** Opening Task input block **

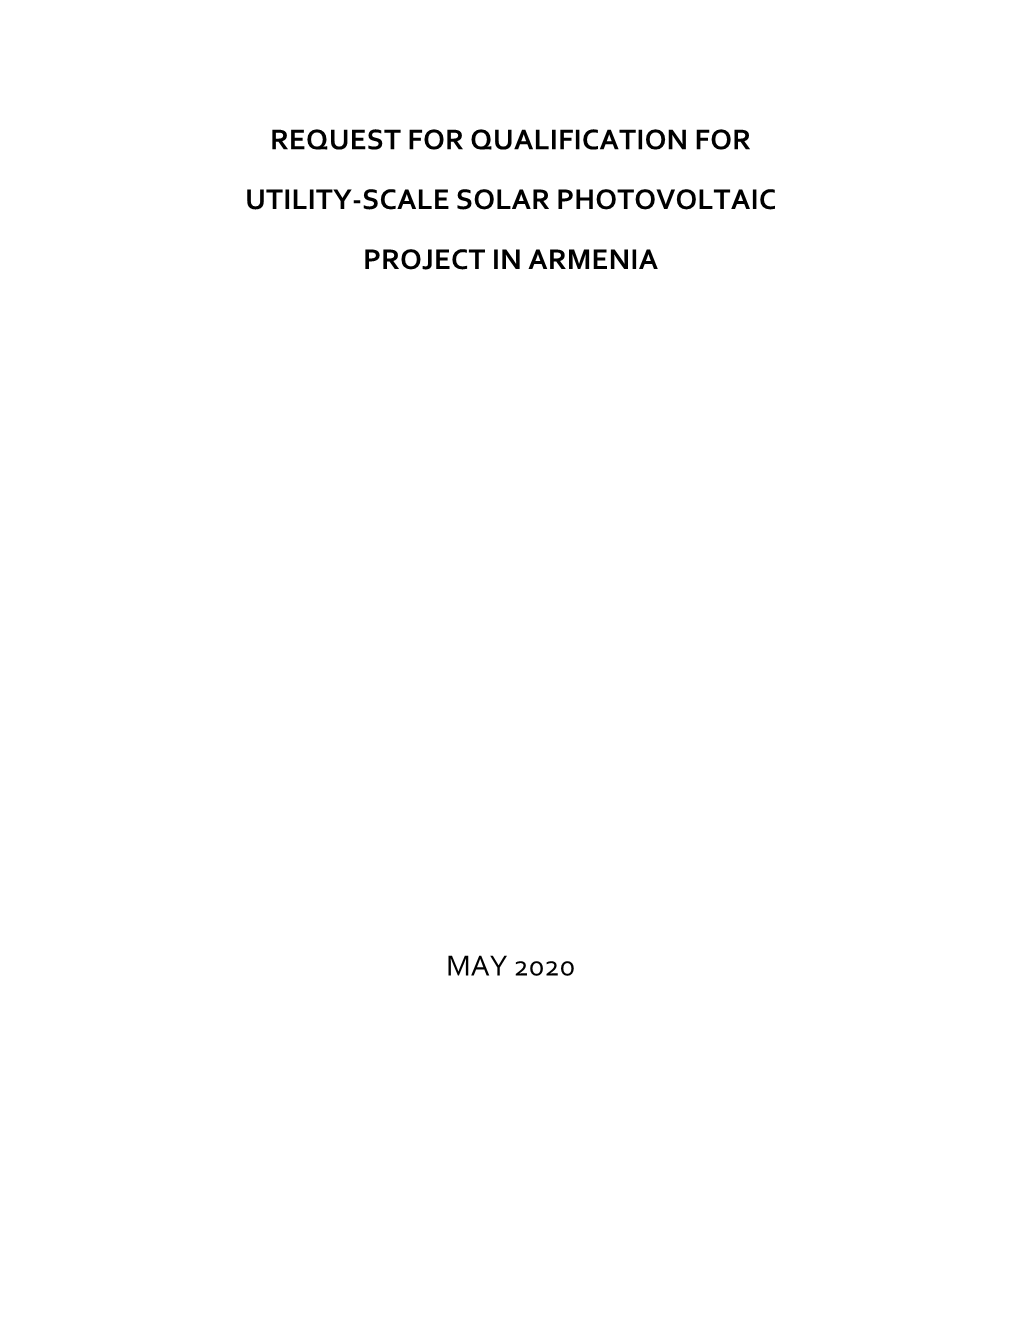 Request for Qualification for Utility-Scale Solar Photovoltaic Project in Armenia
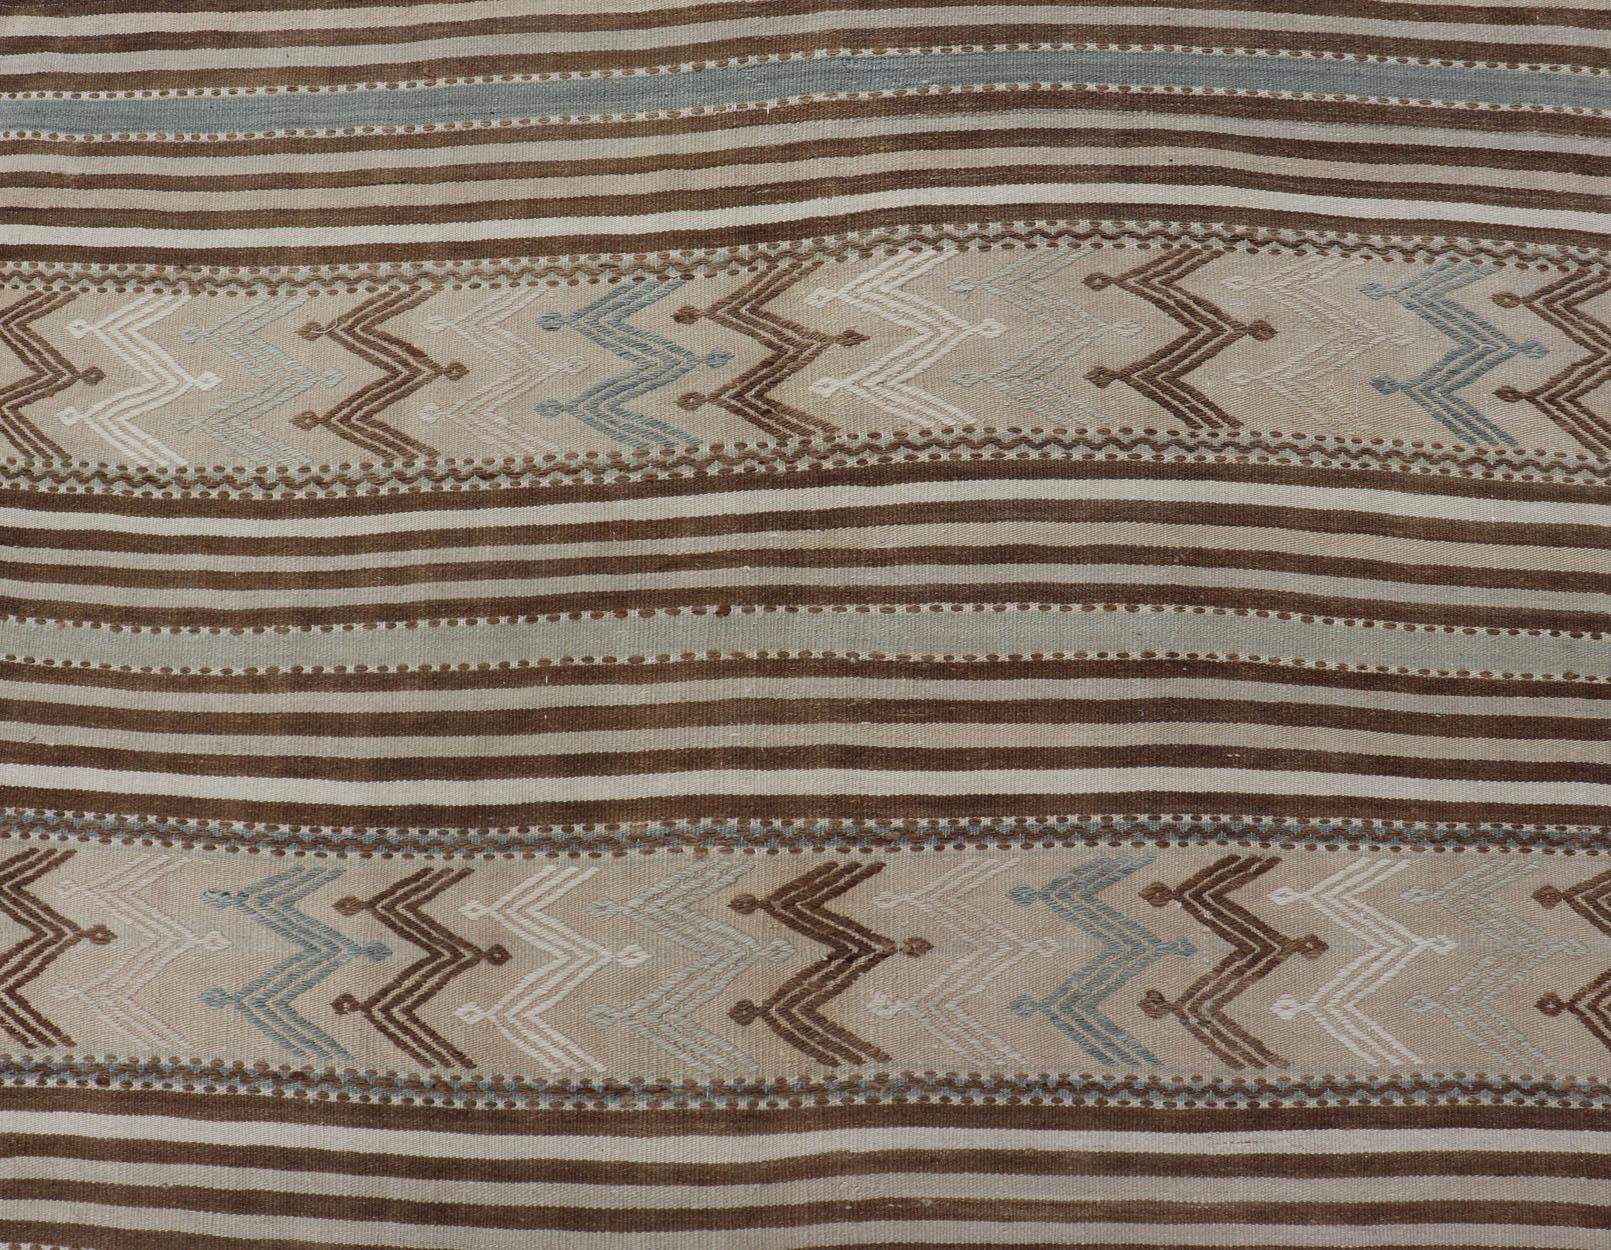 Turkish Hand Woven Flat-Weave Embroidered Kilim in Taupe, Brown, and Lt. Blue. Keivan Woven Arts / rug EN-179493, country of origin / type: Turkey / Kilim, circa 1950

Measures: 4'6 x 8'4 

This vintage flat-woven Embroidered kilim rug features
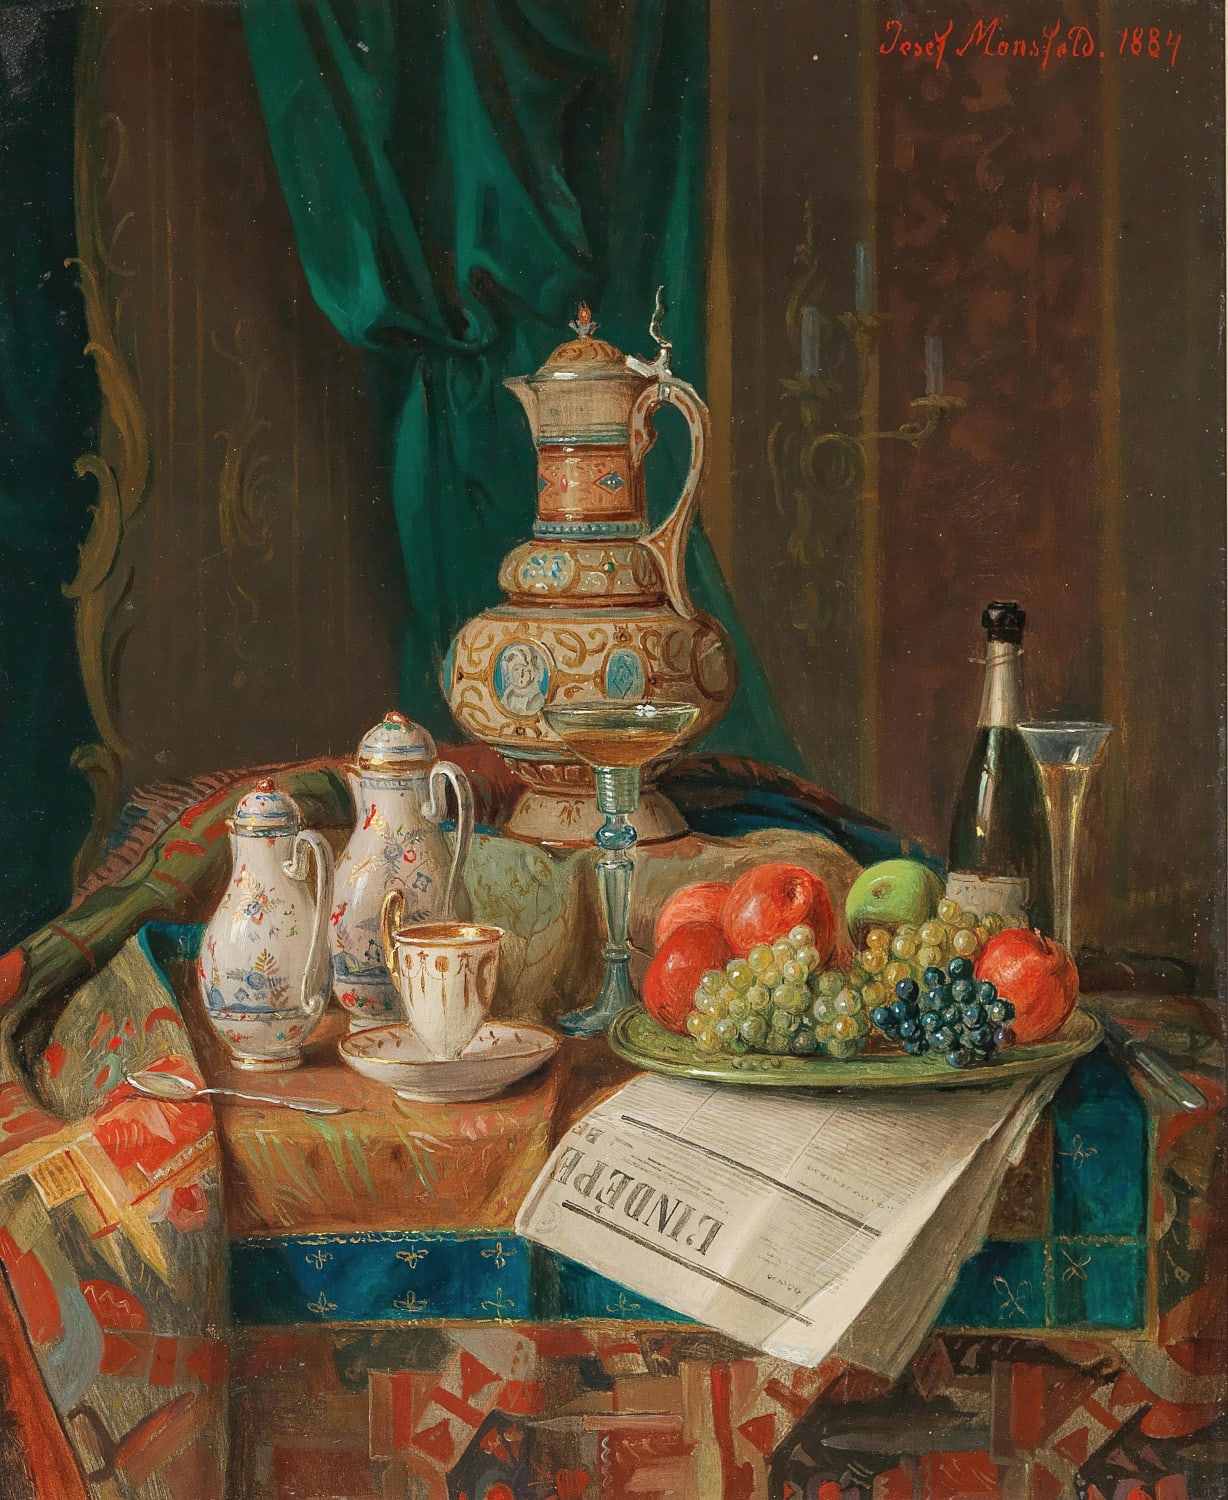 Josef Mansfeld - Still Life with a Historicist Ewer, a Plate of Fruit and a Newspaper (1884)
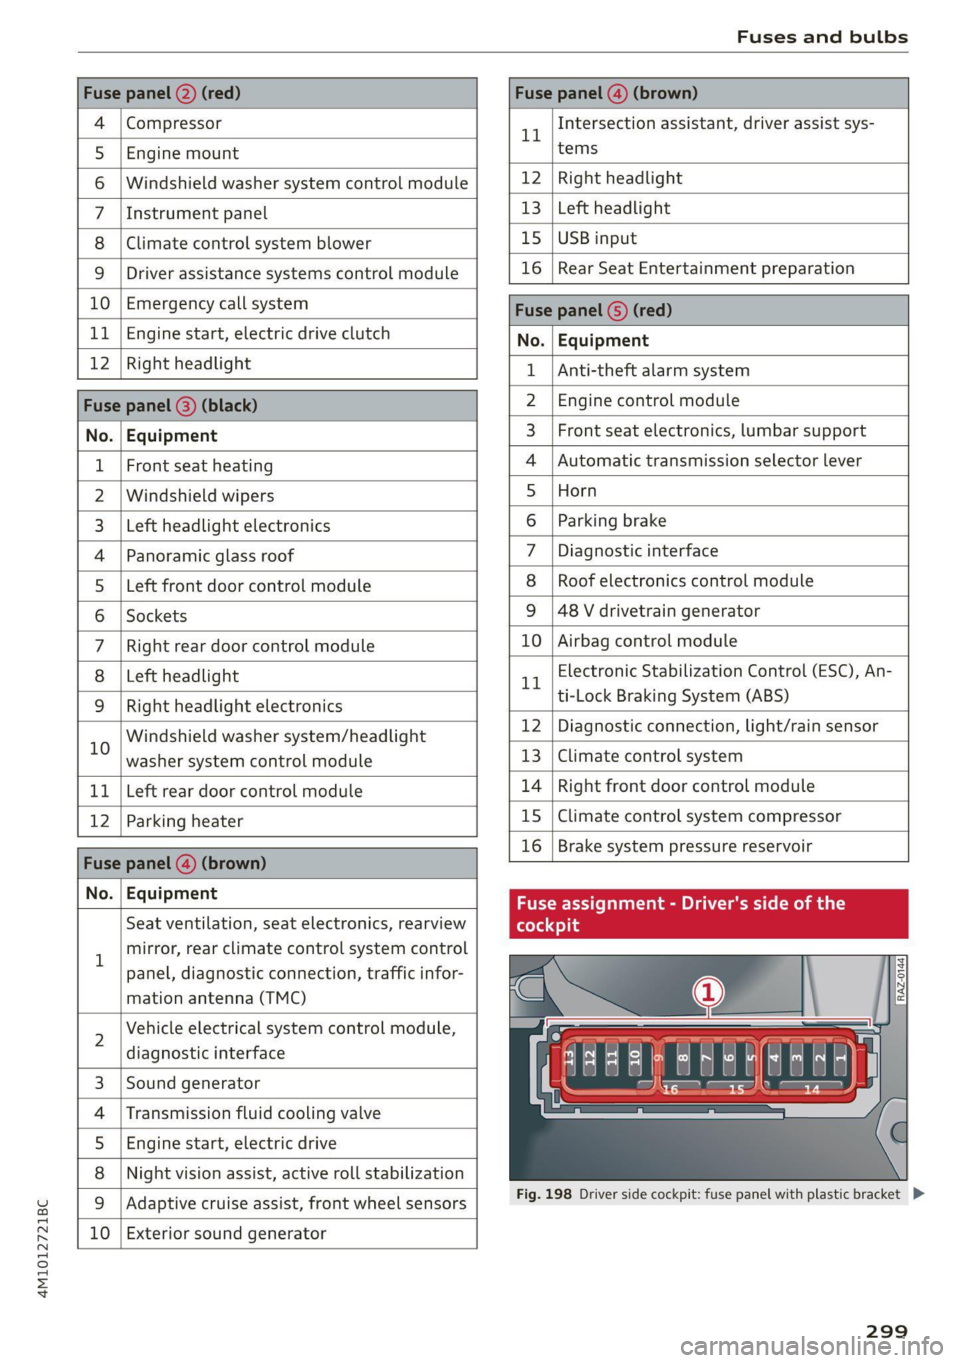 AUDI Q7 2021  Owner´s Manual 4M1012721BC 
Fuses and bulbs 
  
     
  
    
      
  
    
      
  
  
    
      
    
    
    
    
  
  
    
    
    
    
  
  
  
    
    
  
    
  
        
  
  
Fuse panel @) (red) Fu
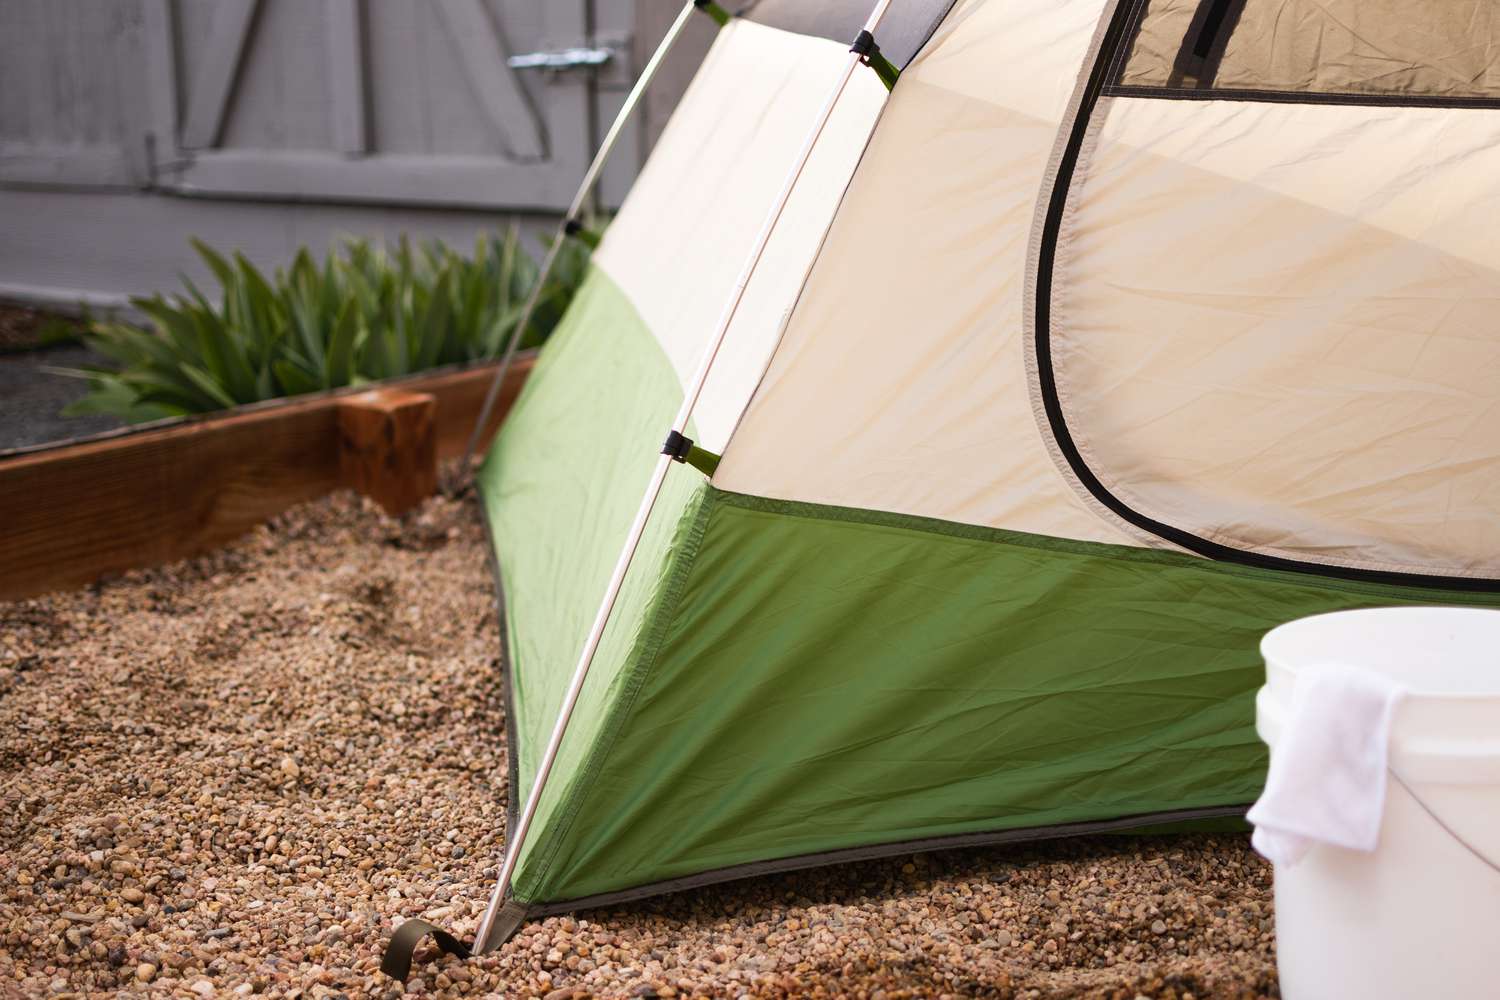 Green and cream colored tent air drying in sunlight with vinegar solution

** Closing Task input block **

[Problem to solve]
Copy every record exactly; no pictures.

[Answer to this task]
 Request for Qualification for Utility-Scale Solar Photovoltaic Project in Armenia
 Turkish Hand Woven Flat-Weave Embroidered Kilim in Taupe, Brown, and Lt. Blue. Keivan Woven Arts / rug EN-179493, country of origin / type: Turkey / Kilim, circa 1950

Measures: 4'6 x 8'4 

This vintage flat-woven Embroidered kilim rug features
 Josef Mansfeld - Still Life with a Historicist Ewer, a Plate of Fruit and a Newspaper (1884)
 AUDI Q7 2021  Owner´s Manual 4M1012721BC 
Fuses and bulbs 
  
     
  
    
      
  
    
      
  
  
    
      
    
    
    
    
  
  
    
    
    
    
  
  
  
    
    
  
    
  
        
  
  
Fuse panel @) (red) Fu
 Green and cream colored tent air drying in sunlight with vinegar solution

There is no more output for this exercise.